Light-Touch Broadband Reclassification Gets More Support

In the wake of the D.C. Circuit’s opinion in Comcast v. FCC, the FCC faces a difficult decision. Behind door No. 1 is reclassification, which will require the agency to tackle head-on stiff political opposition from broadband carriers. Behind door No. 2 is the empty shell of ancillary authority, which will risk further court losses and ultimately a tarnished legacy. The Washington Post reports that FCC Chairman Genachowski is leaning towards Door No. 2, which many people believe would be a mistake.

We’ve made no secret of our advice for the Chairman: Reclassification is the best option if he wants to empower the FCC to promote universal and open broadband infrastructure and to protect Internet users.

Seemingly unwilling to address the merits of reclassification through a full and transparent proceeding at the FCC, industry incumbents and their astroturf allies are doing everything in their power to force the option off the table completely. They’re trying to make reclassification out to be some drastic and heavy handed move by the FCC. We’ve responded to the substance of their arguments already.
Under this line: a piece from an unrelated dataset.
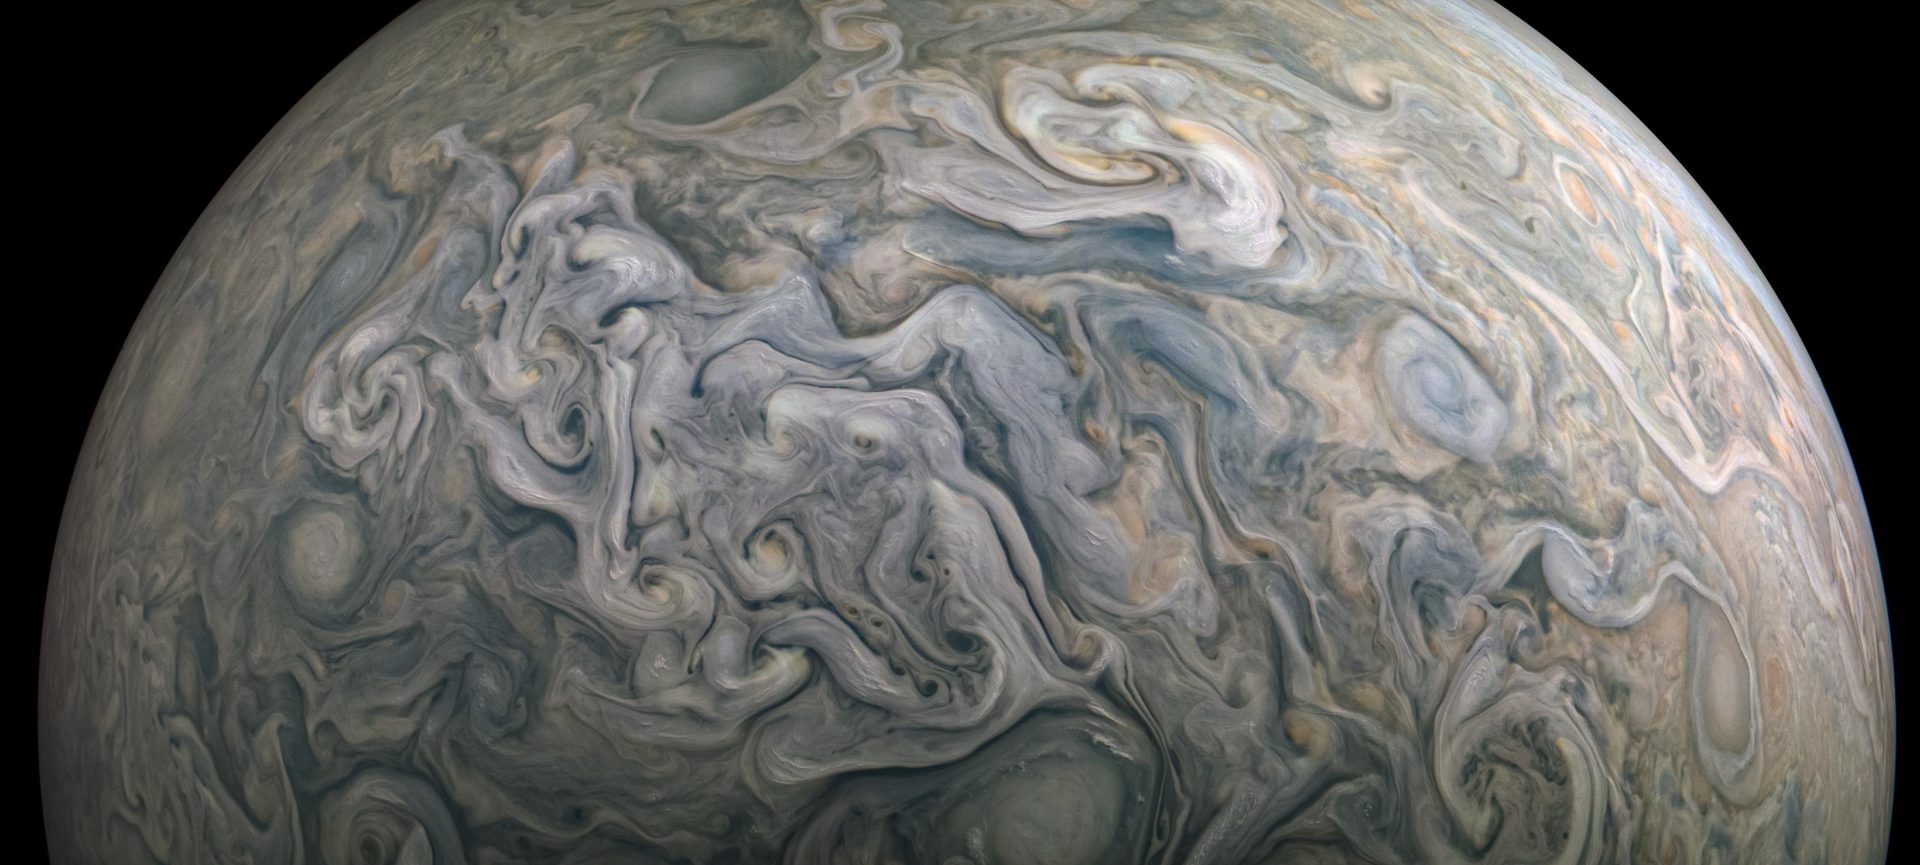 marbled blue-brown image of Jupiter's atmosphere

Unconvincing on the merits, another of their tricks is to paint progressive public interest groups as extremists and outliers, rather than as a voice for the nearly 250,000 Americans who have spoken up to tell the FCC to act on reclassification.
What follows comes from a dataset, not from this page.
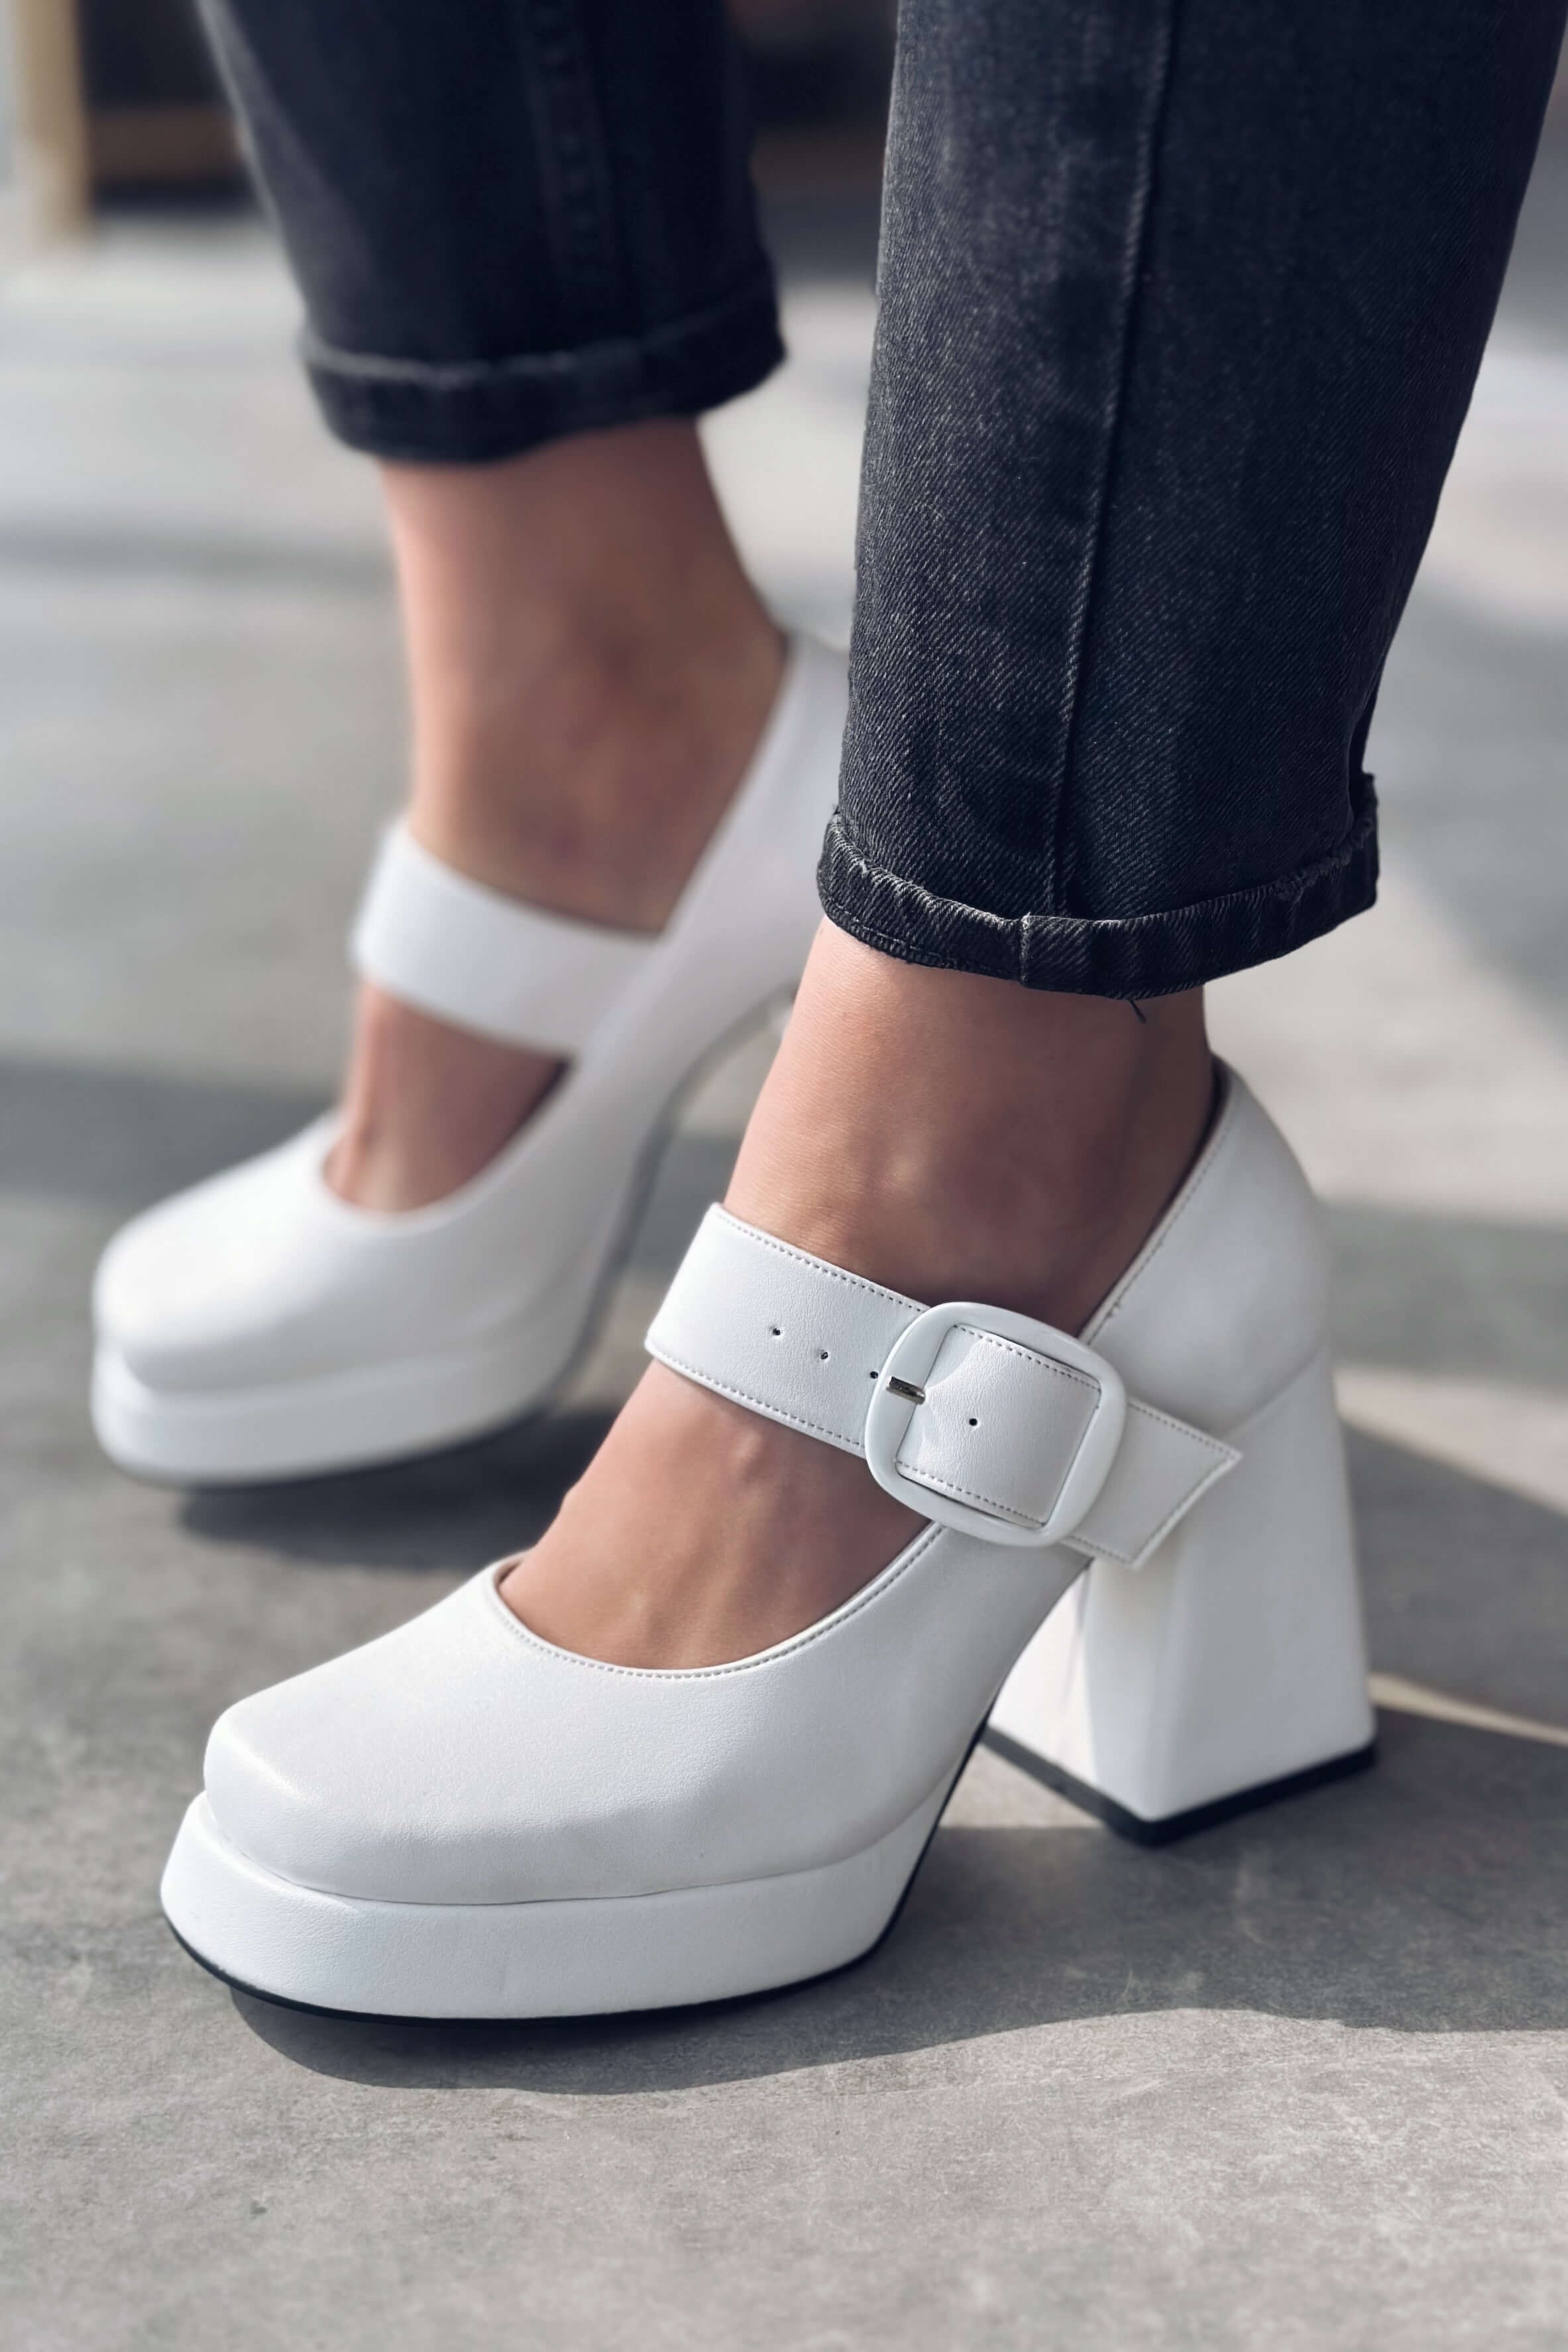 Alpons Matte Leather Women's Platform Heel Shoes White

And now, plenty of others are jumping on the bandwagon. The FCC just collected reply comments in its open proceeding on preserving the open Internet. Among non-broadband service providers, many filers demonstrated substantial support for reclassification.

Take the Center for Democracy and Technology (CDT), a well known nonpartisan D.C. public policy organization. CDT is generally a vocal opponent of FCC regulation of the Internet. Yet, CDT supports reclassification as a tool for the FCC to establish its authority over broadband services. As CDT points out, reclassification “would not require a heavy-handed, backward-looking regulatory regime” thanks to the FCC’s forbearance power. CDT gets it right: reclassification is a balanced exercise of FCC authority over the infrastructure, not in any way a broad power grab over the Internet.
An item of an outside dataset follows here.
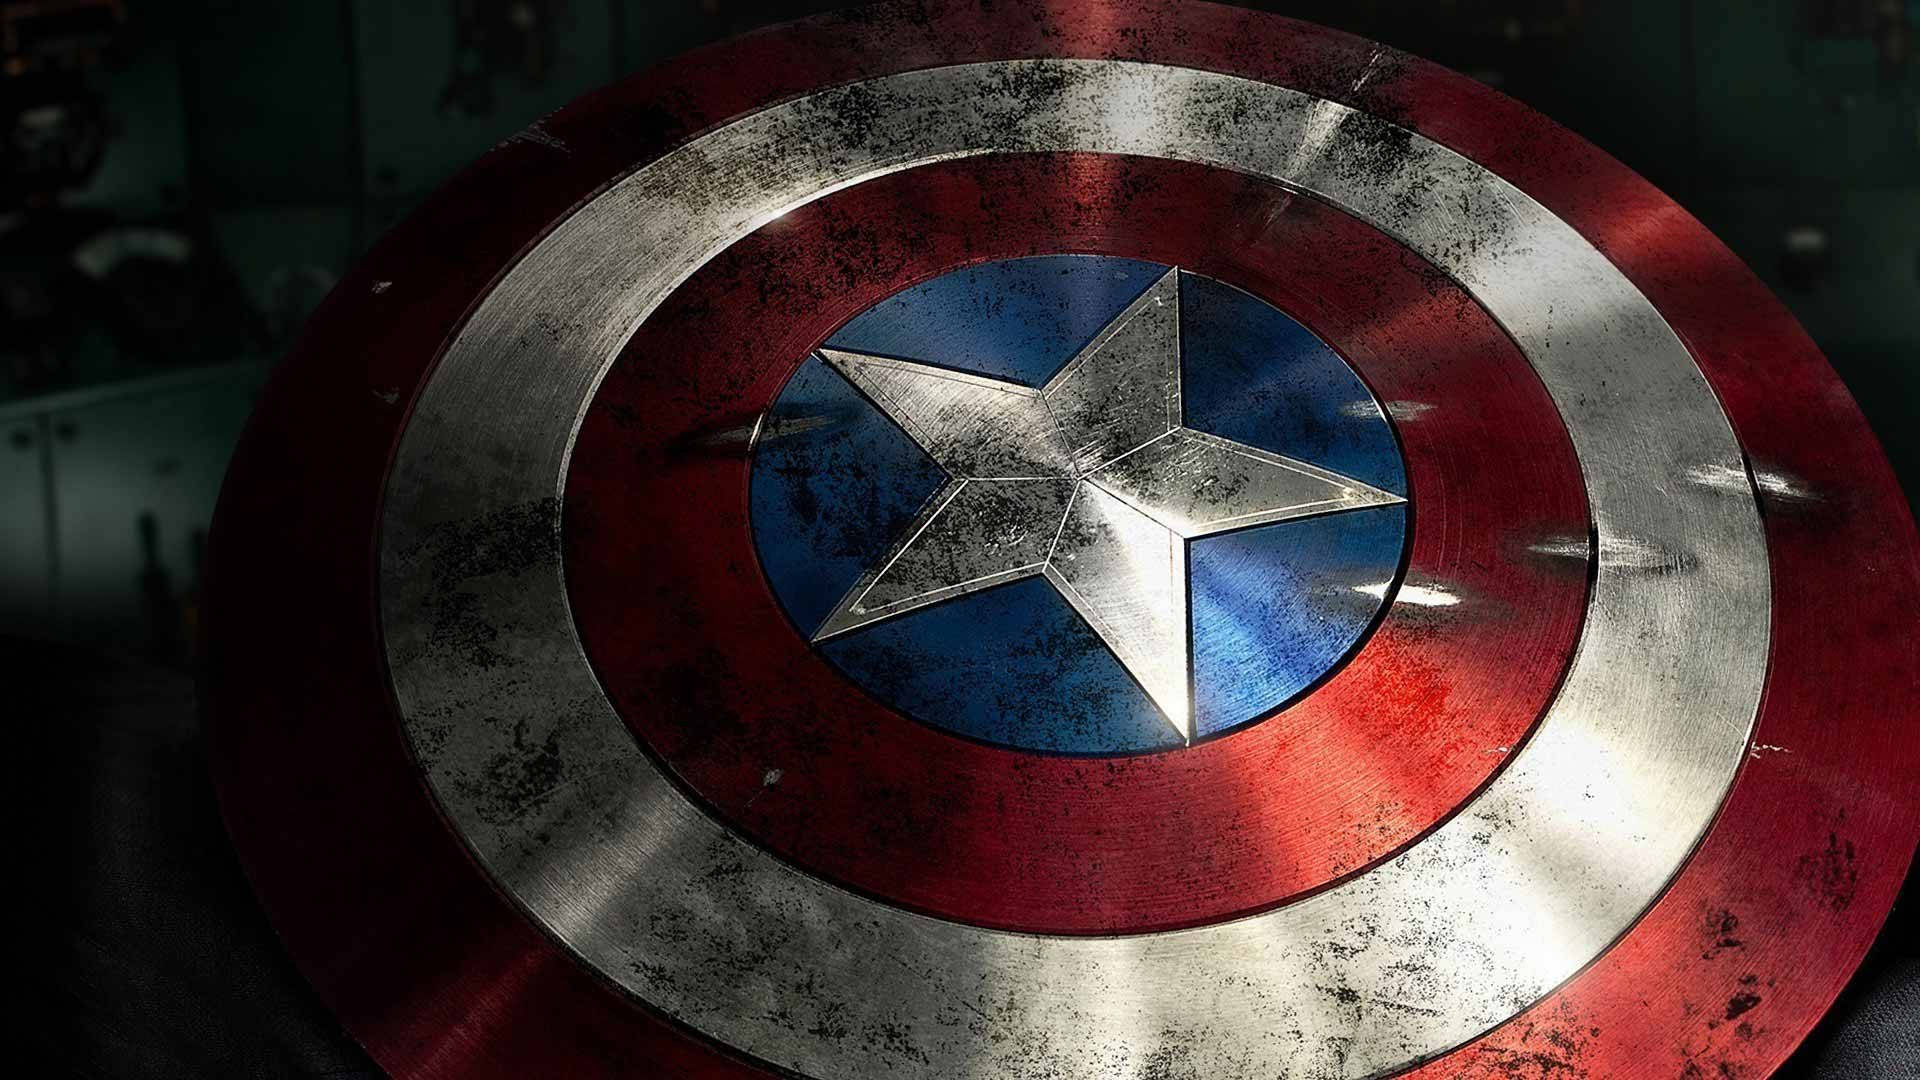 Free Captain America Wallpaper Downloads, [300+] Captain America Wallpapers  for FREE

The National Association of State Utility Consumer Advocates (NASUCA), strongly supports Title II reclassification as the best path forward. NASUCA emphasizes that the FCC’s open Internet proceeding (and broadband agenda writ large) is about the communications infrastructure itself, and that Title II classification would make this clear. NASUCA notes, “A direct Title II approach would make clear that the Commission was not regulating the Internet, i.e., the content carried on the wires, but merely the wires themselves, i.e., the underlying transmission network or physical layer.”

The Broadband Institute of California also filed in strong support of reclassification, explaining in detail the history of regulation at the FCC and the changed circumstances since the initial deregulation. Their filing explains why reclassification is not merely one option, but is in fact the best.

Technology companies and technology trade associations are joining the party, too. These businesses have a very clear agenda: They want to protect the Internet, not to regulate it. The Computer & Communications Industry Association puts it clearly: “The most sensible and even-handed action that the Commission can take is to apply Title II telecommunications law to the transmission component of Internet access service.” COMPTEL, which bills itself as the “leading industry association representing communications service providers and their supplier partners,” believes that the FCC could still proceed under Title I, but says that reclassification would “clearly reestablish jurisdiction” to preserve the open Internet and promote competition. Google takes a similar approach, supporting reclassification among other options, and asking the Commission to use its full authority and pursue whichever path is “most sustainable legally.”

Reclassification is the “light touch” framework, the right approach to protect the open Internet and advance the policy goals of the National Broadband Plan, and to preserve the FCC’s (Congressionally-sanctioned) authority over the dominant communications infrastructure of our time.